The bills require that all economic development tax breaks on both the state and local level be transparent and posted on the state budget website; require improved reporting data to evaluate the success of the investments; require that all tax breaks be affirmatively reviewed and reauthorized after 5 years; set standards for successful economic development programs; and holds companies accountable to their job-creation commitments by requiring companies to pay back the value of the tax break if they fail to meet their promised commitments.
“Government transparency is critical to a healthy democracy. It is especially important when government subsidizes particular interests with public resources,” said Pam Wilmot, Executive Director of Common Cause Massachusetts.
Last month MASSPIRG released a new report called “Getting our Money’s Worth? Promoting Transparency and Accountability for Corporate Tax Subsidies in Massachusetts.”

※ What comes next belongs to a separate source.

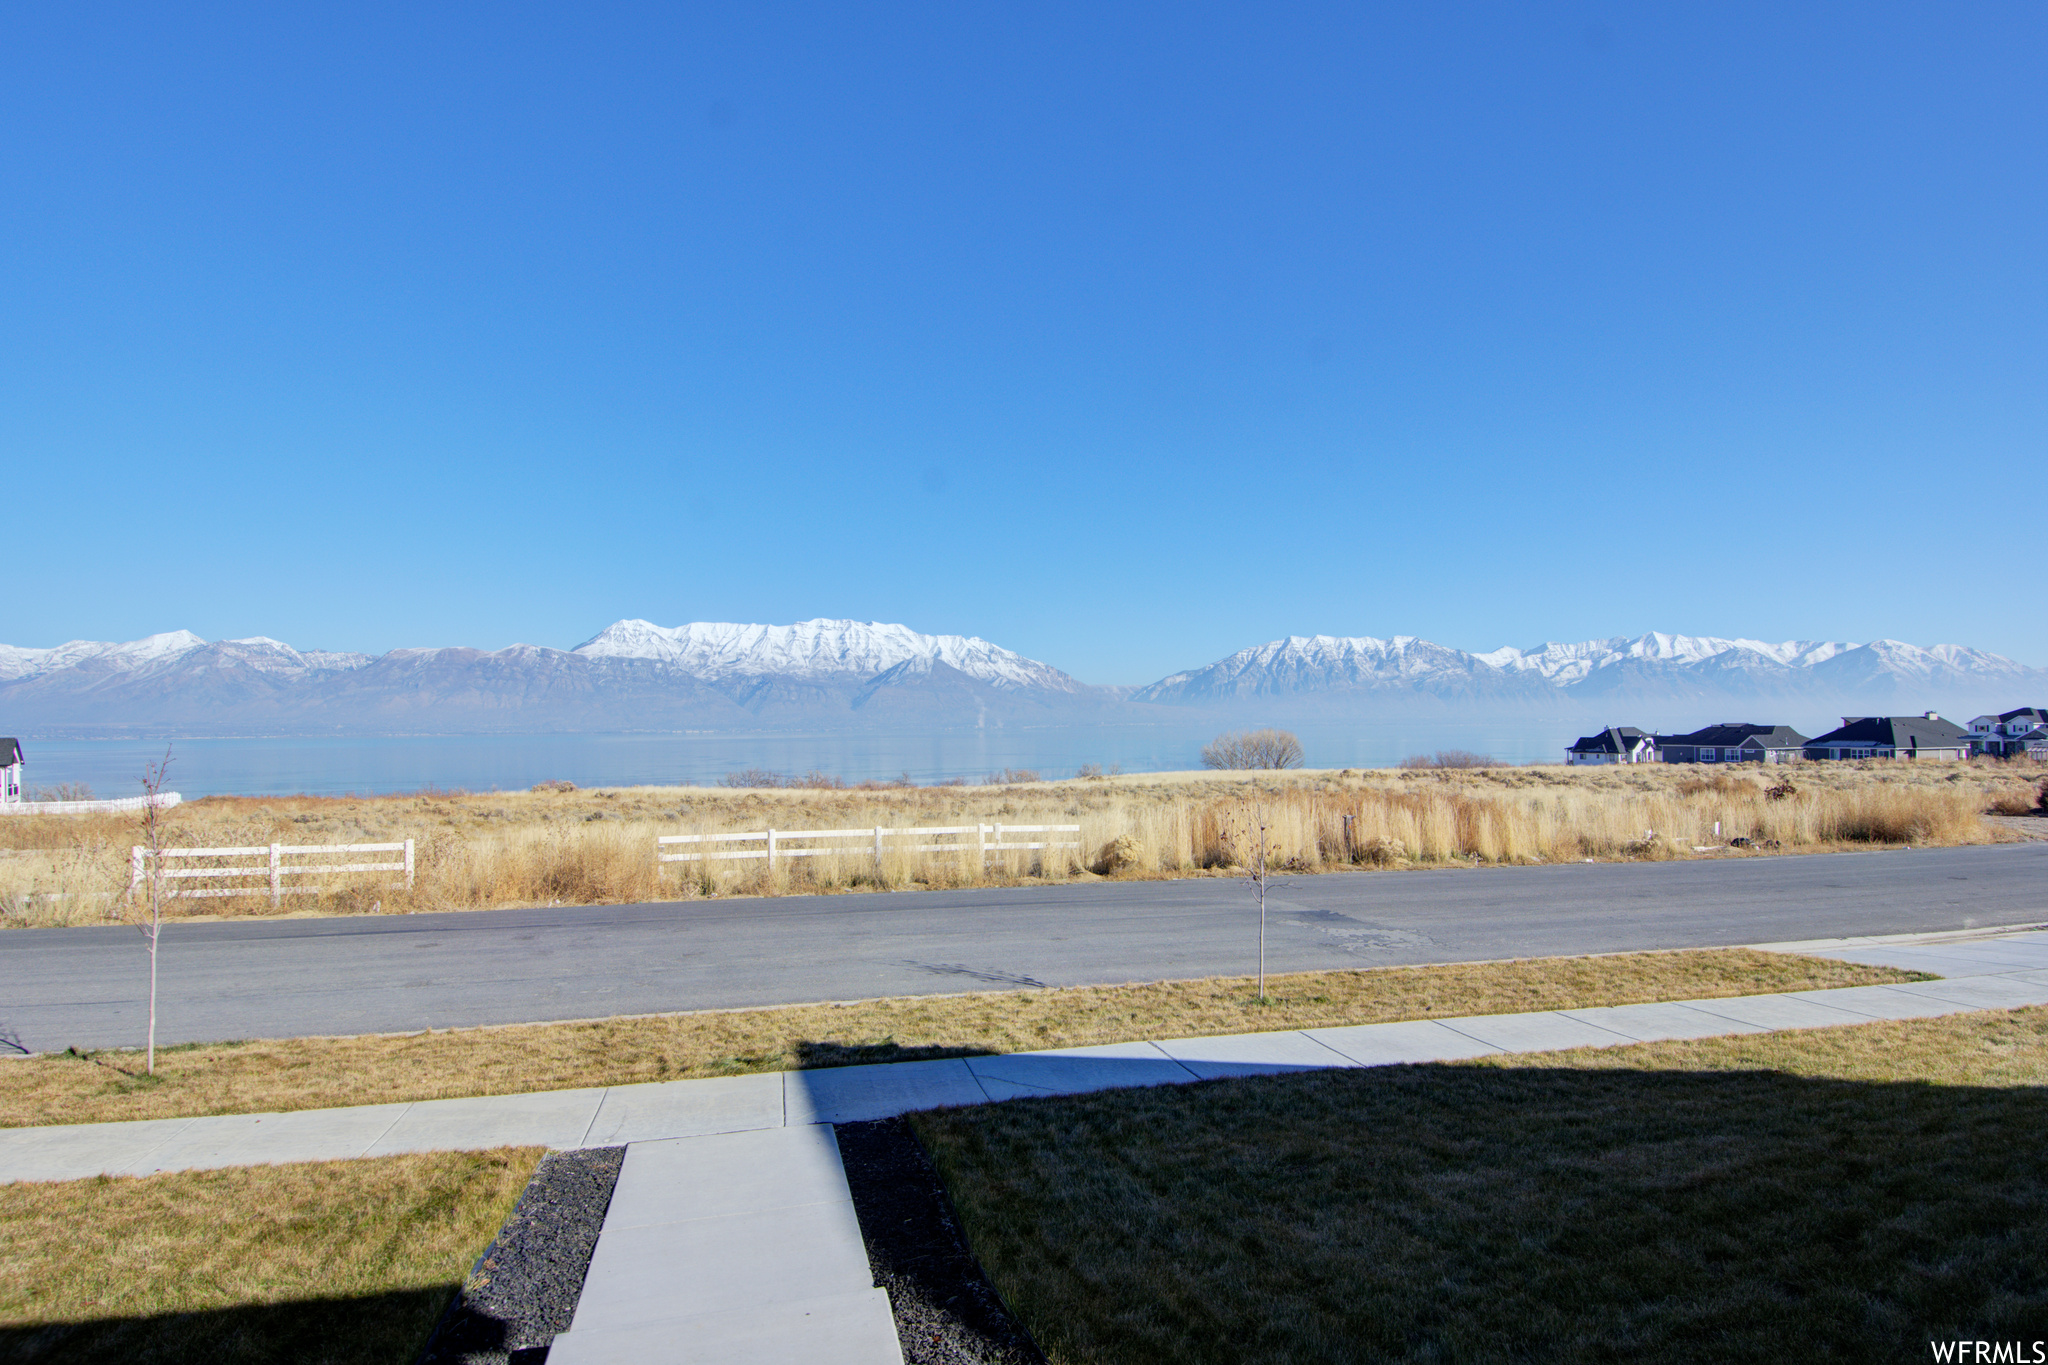 View from front porch overlooking Utah Lake and Timpanogos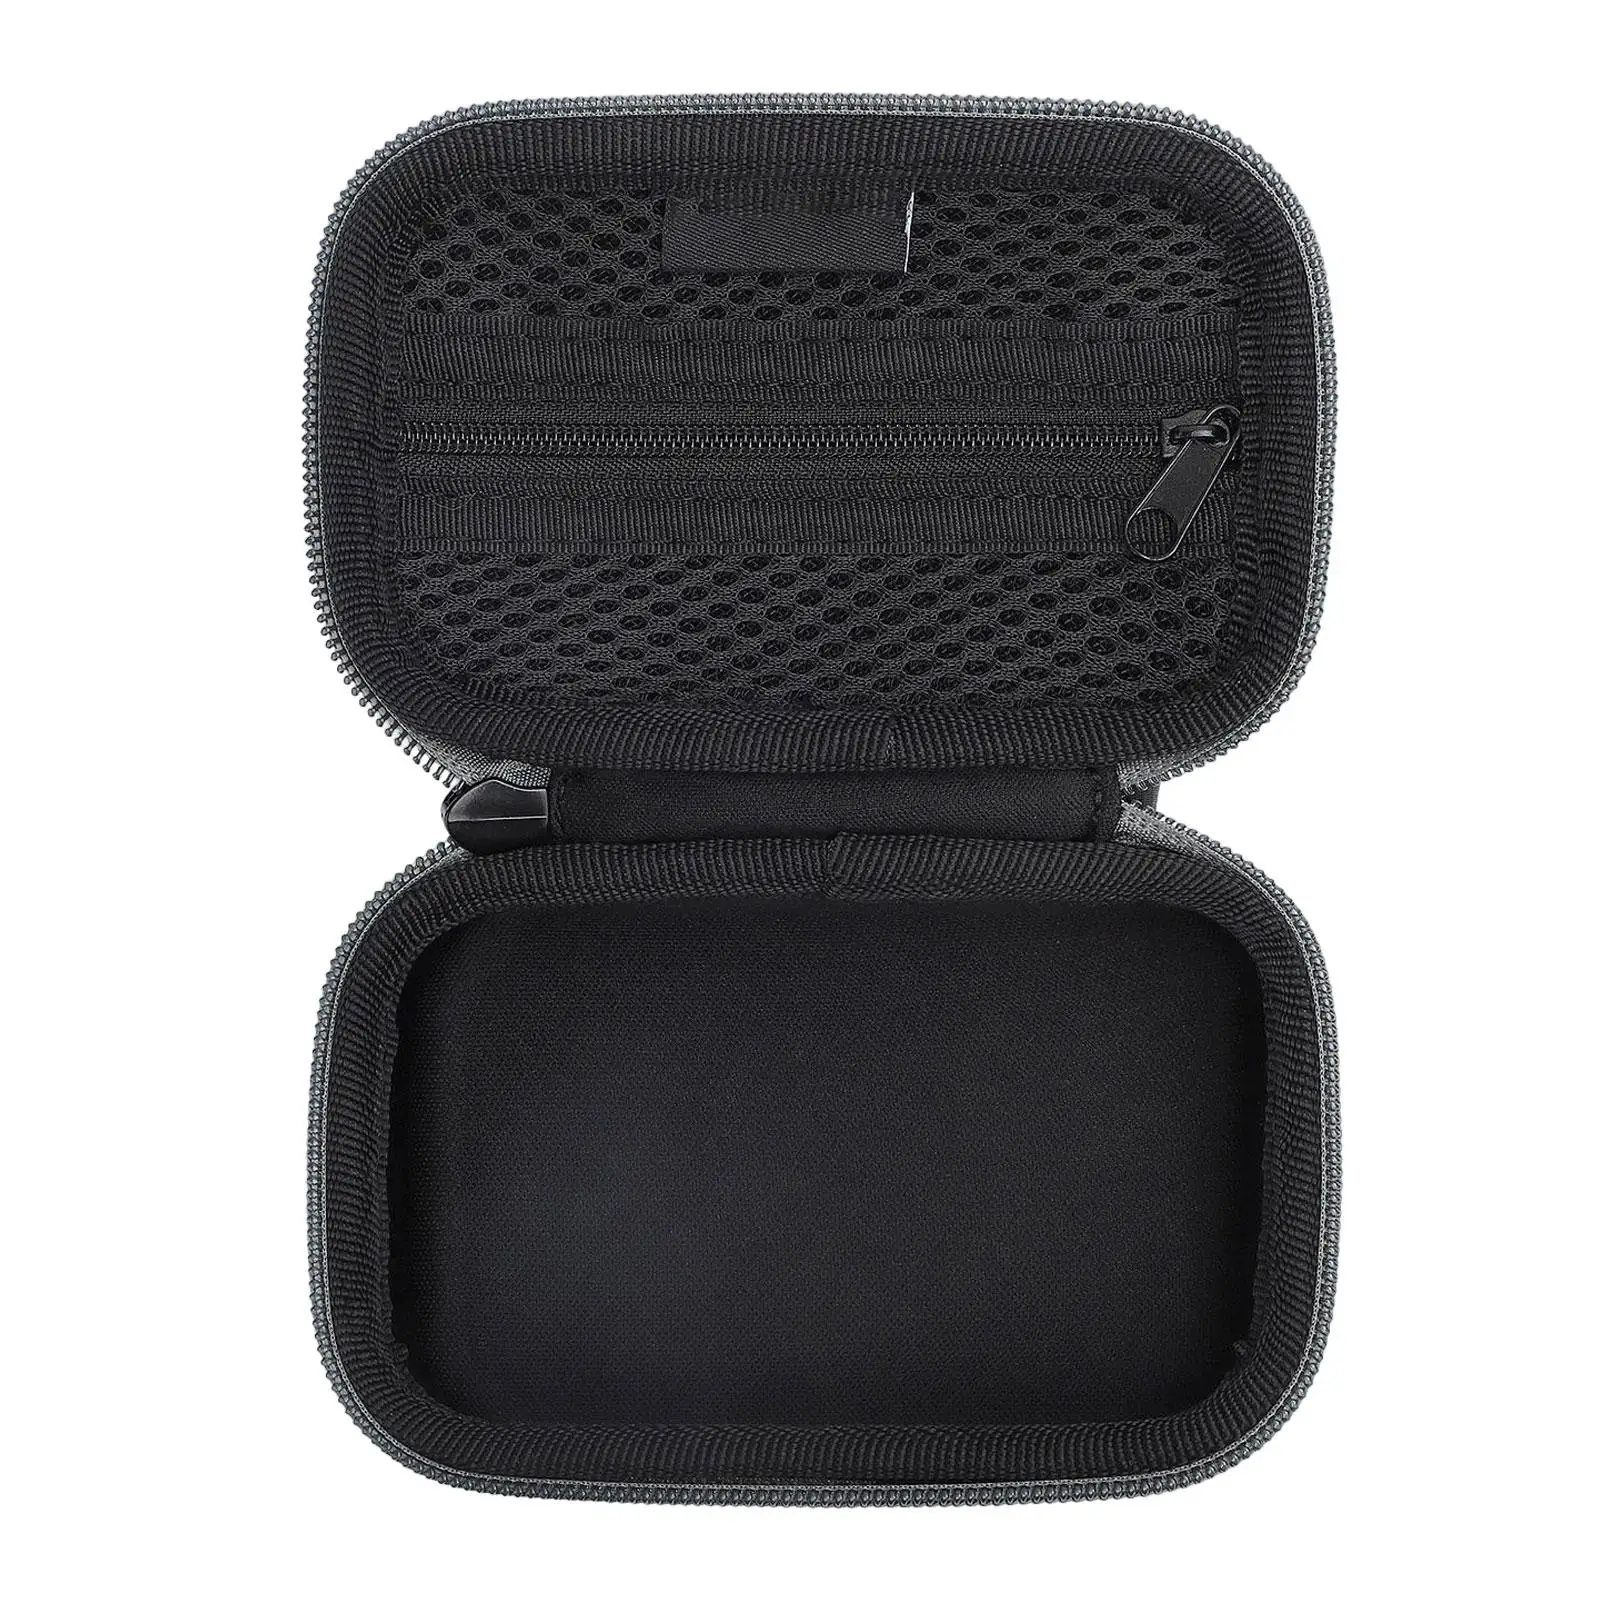 Portable Travel Protective Case Drone Bag for Quadcopter Drone RC Aircraft Accessories

The report provides analysis of Massachusetts’ special business tax breaks and finds taxpayer dollars are being put at risk due to a lack of accountability measures in many programs. The report analyzes 25 special business tax breaks worth a total of $770 million and found that many tax subsidy programs lack adequate accountability measures, like goals for job creation, recapture measures requiring companies to return subsidies when they fail to deliver promised benefits, sunset dates for subsidy programs, and adequate public transparency and reporting to enable independent assessment.
Massachusetts is a national leader in making many forms of state spending transparent, yet many corporate subsidy programs lack of openness and accountability. The report findings echo many of the reforms called for by last year’s bipartisan Tax Expenditure Commission.
Spending through the tax code merits particular attention because it is not subject to the normal, annual public scrutiny of other line-item spending in the state budget. Unlike conventional budget items, the annual cost of such spending may not be known until after the money is spent. And because programs are often automatically renewed each year, they can continue to impose costs on the Commonwealth without undergoing thorough consideration and annual approval by the Legislature and Governor.